— What to do —
Write out the entire listing below exactly, with the pictures left out.

— Information supplied —
- - -
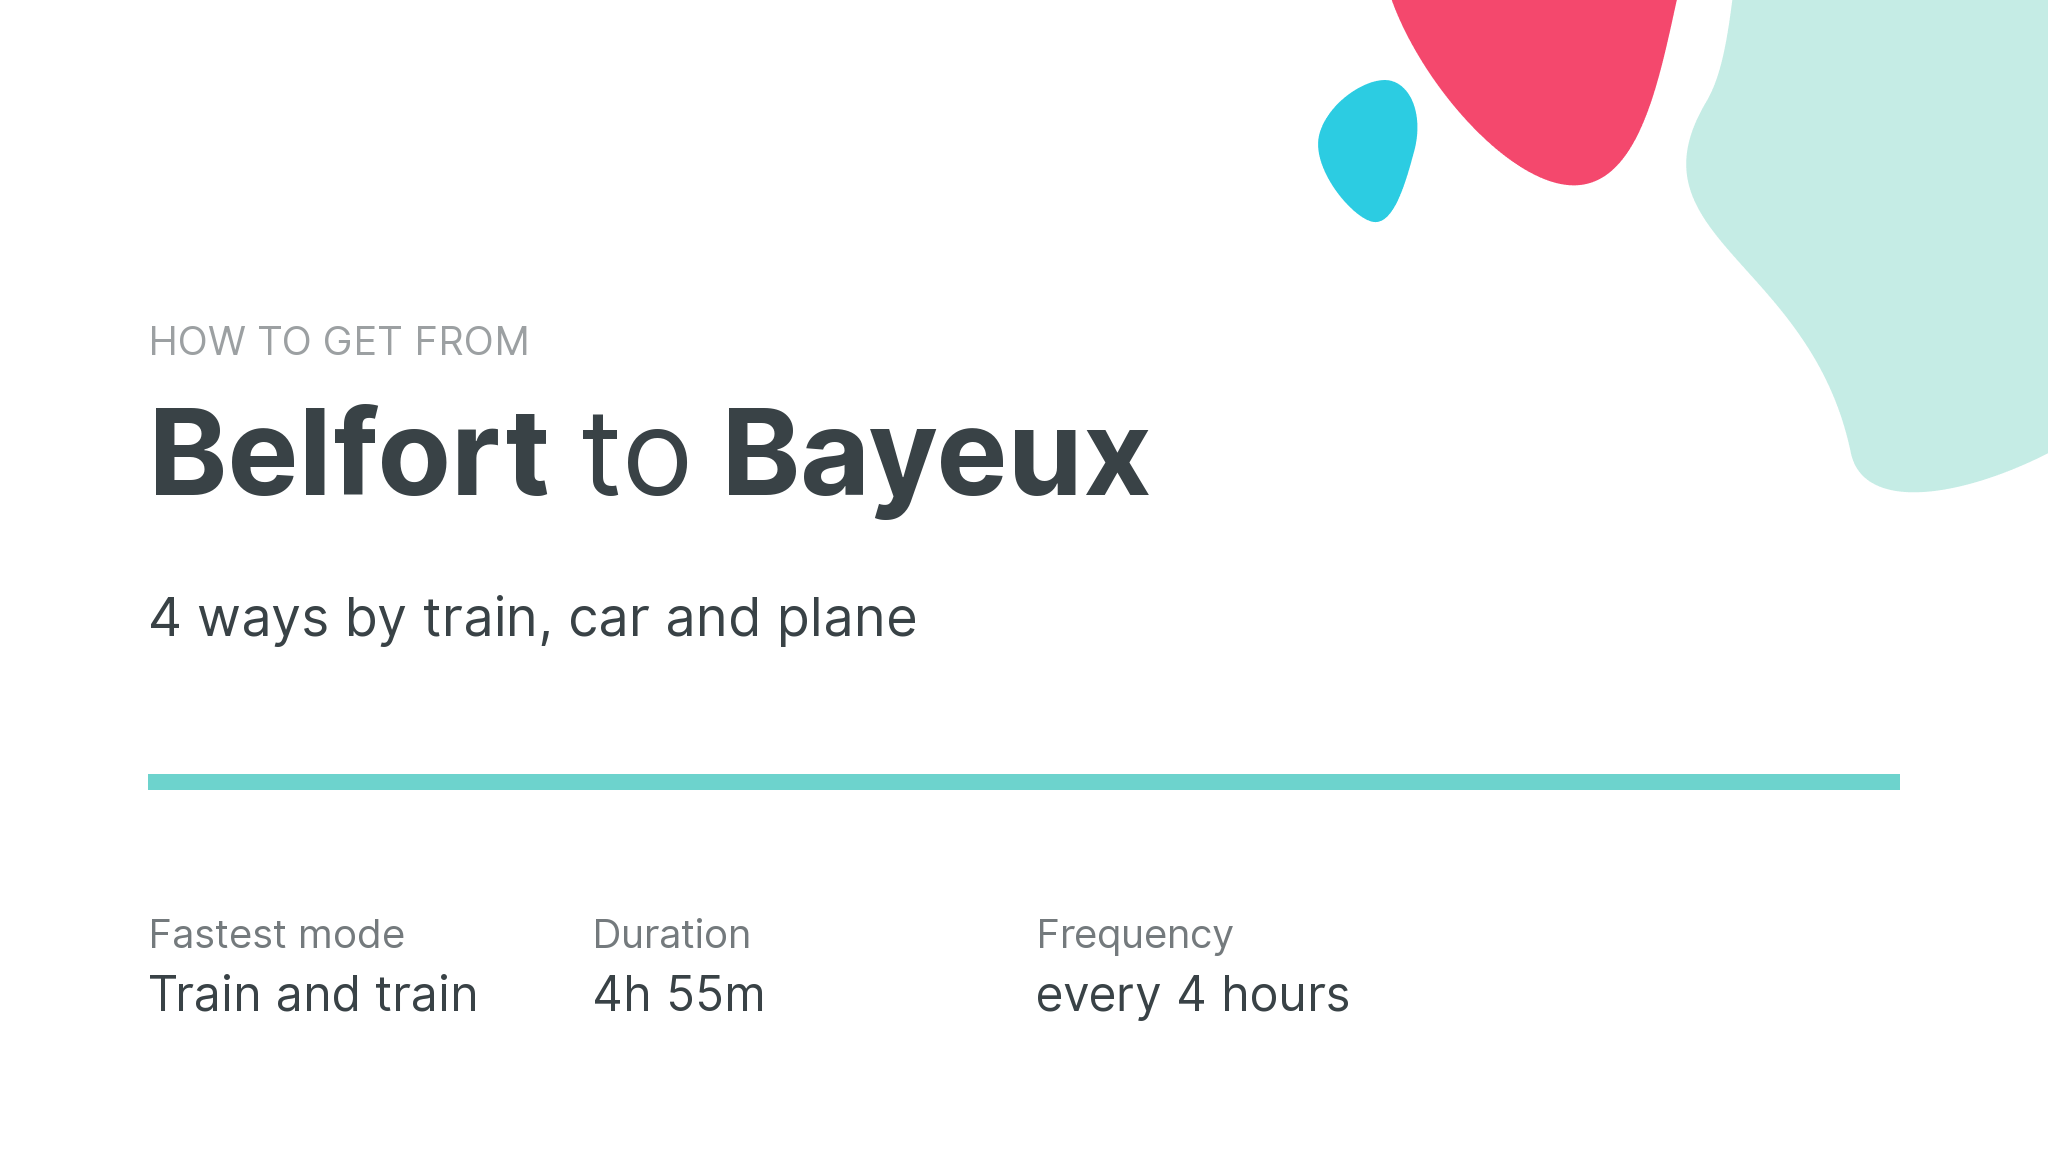 How do I get from Belfort to Bayeux
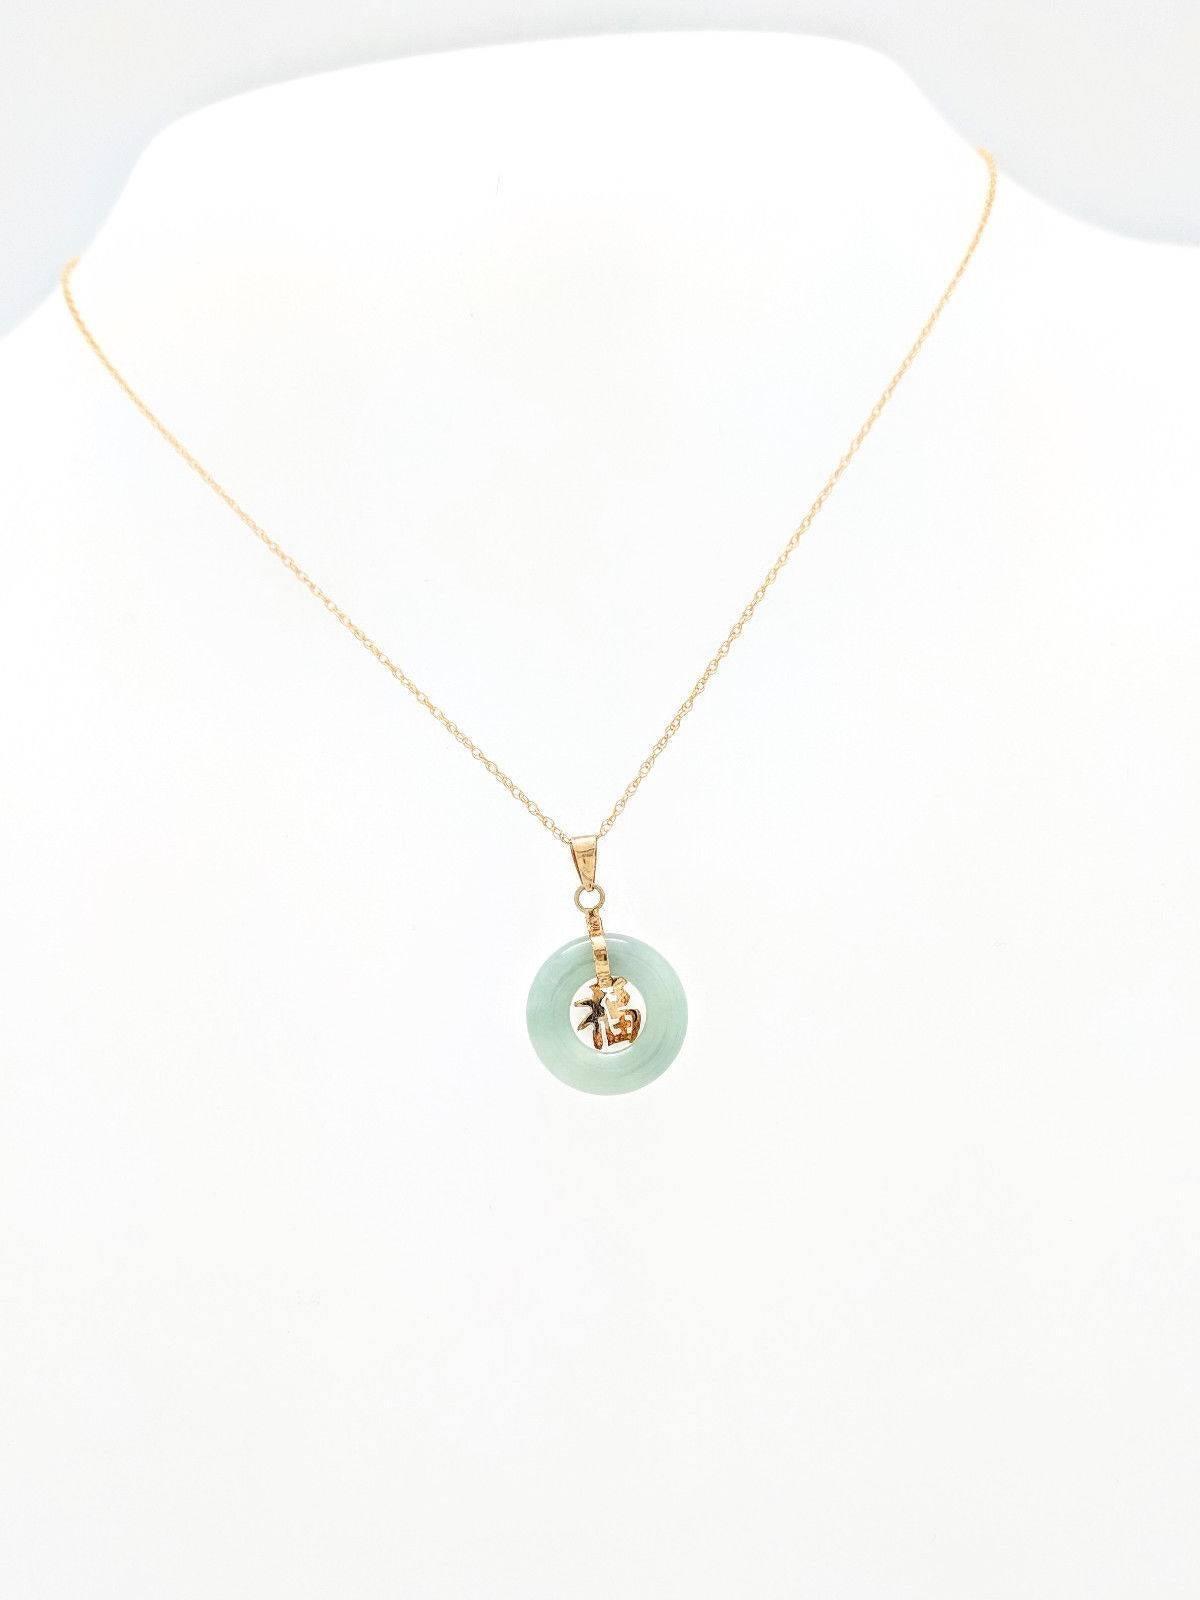 Ladies 14k Yellow Gold Green Jade Pendant Necklace 1.7 Grams

You are viewing a Beautiful Green Jade Pendant Necklace. This piece is crafted from 14k yellow gold and weighs 1.7 grams. This pendant measures 13mm in diameter. It hangs beautifully on a
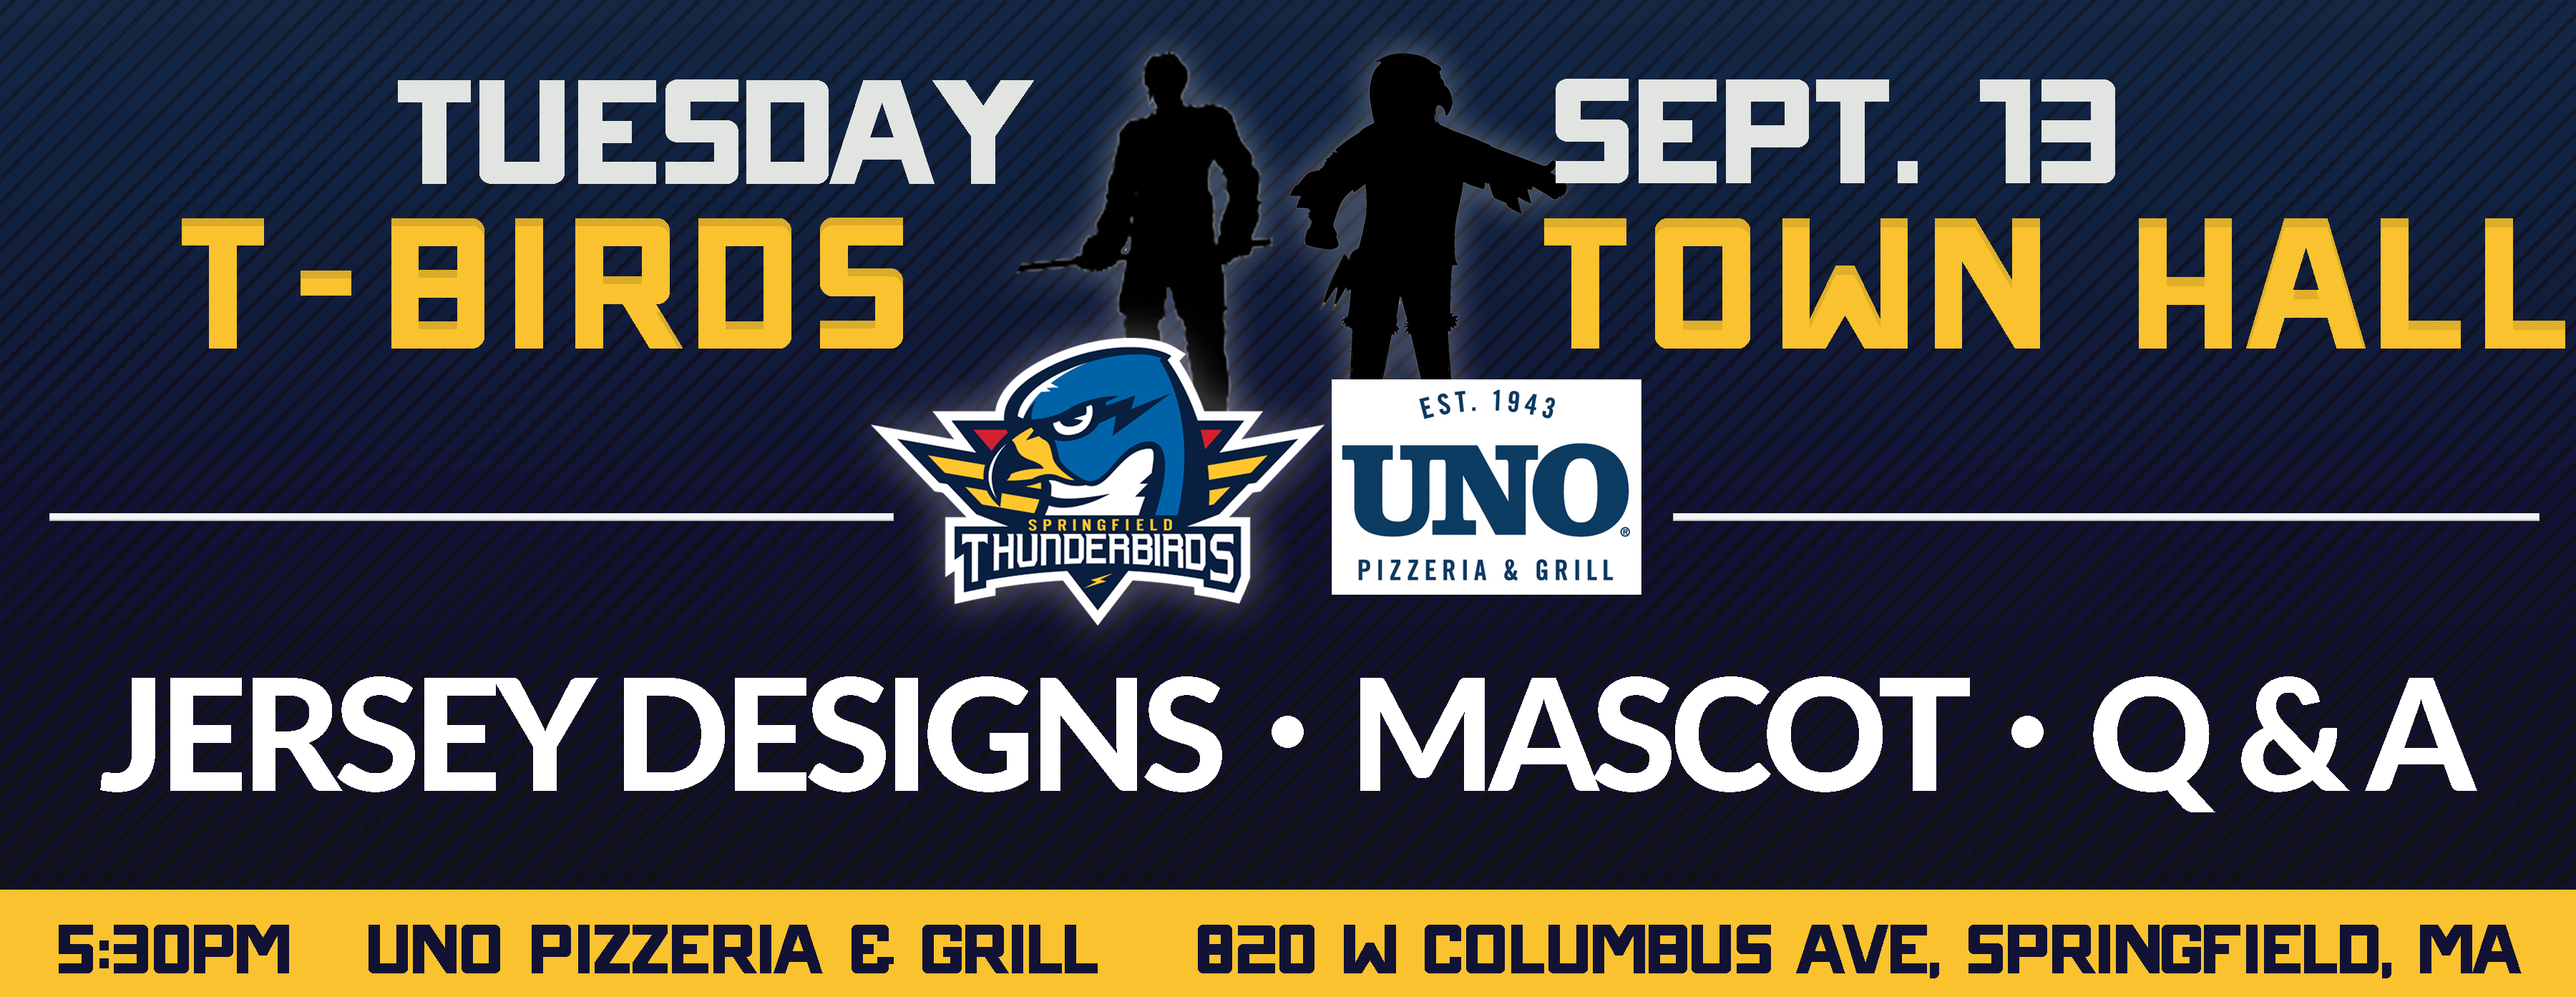 Thunderbirds to Unveil Jersey Designs & Mascot Tuesday
- - -
— Written answer —
 How do I get from Belfort to Bayeux
 Ladies 14k Yellow Gold Green Jade Pendant Necklace 1.7 Grams

You are viewing a Beautiful Green Jade Pendant Necklace. This piece is crafted from 14k yellow gold and weighs 1.7 grams. This pendant measures 13mm in diameter. It hangs beautifully on a
 Thunderbirds to Unveil Jersey Designs & Mascot Tuesday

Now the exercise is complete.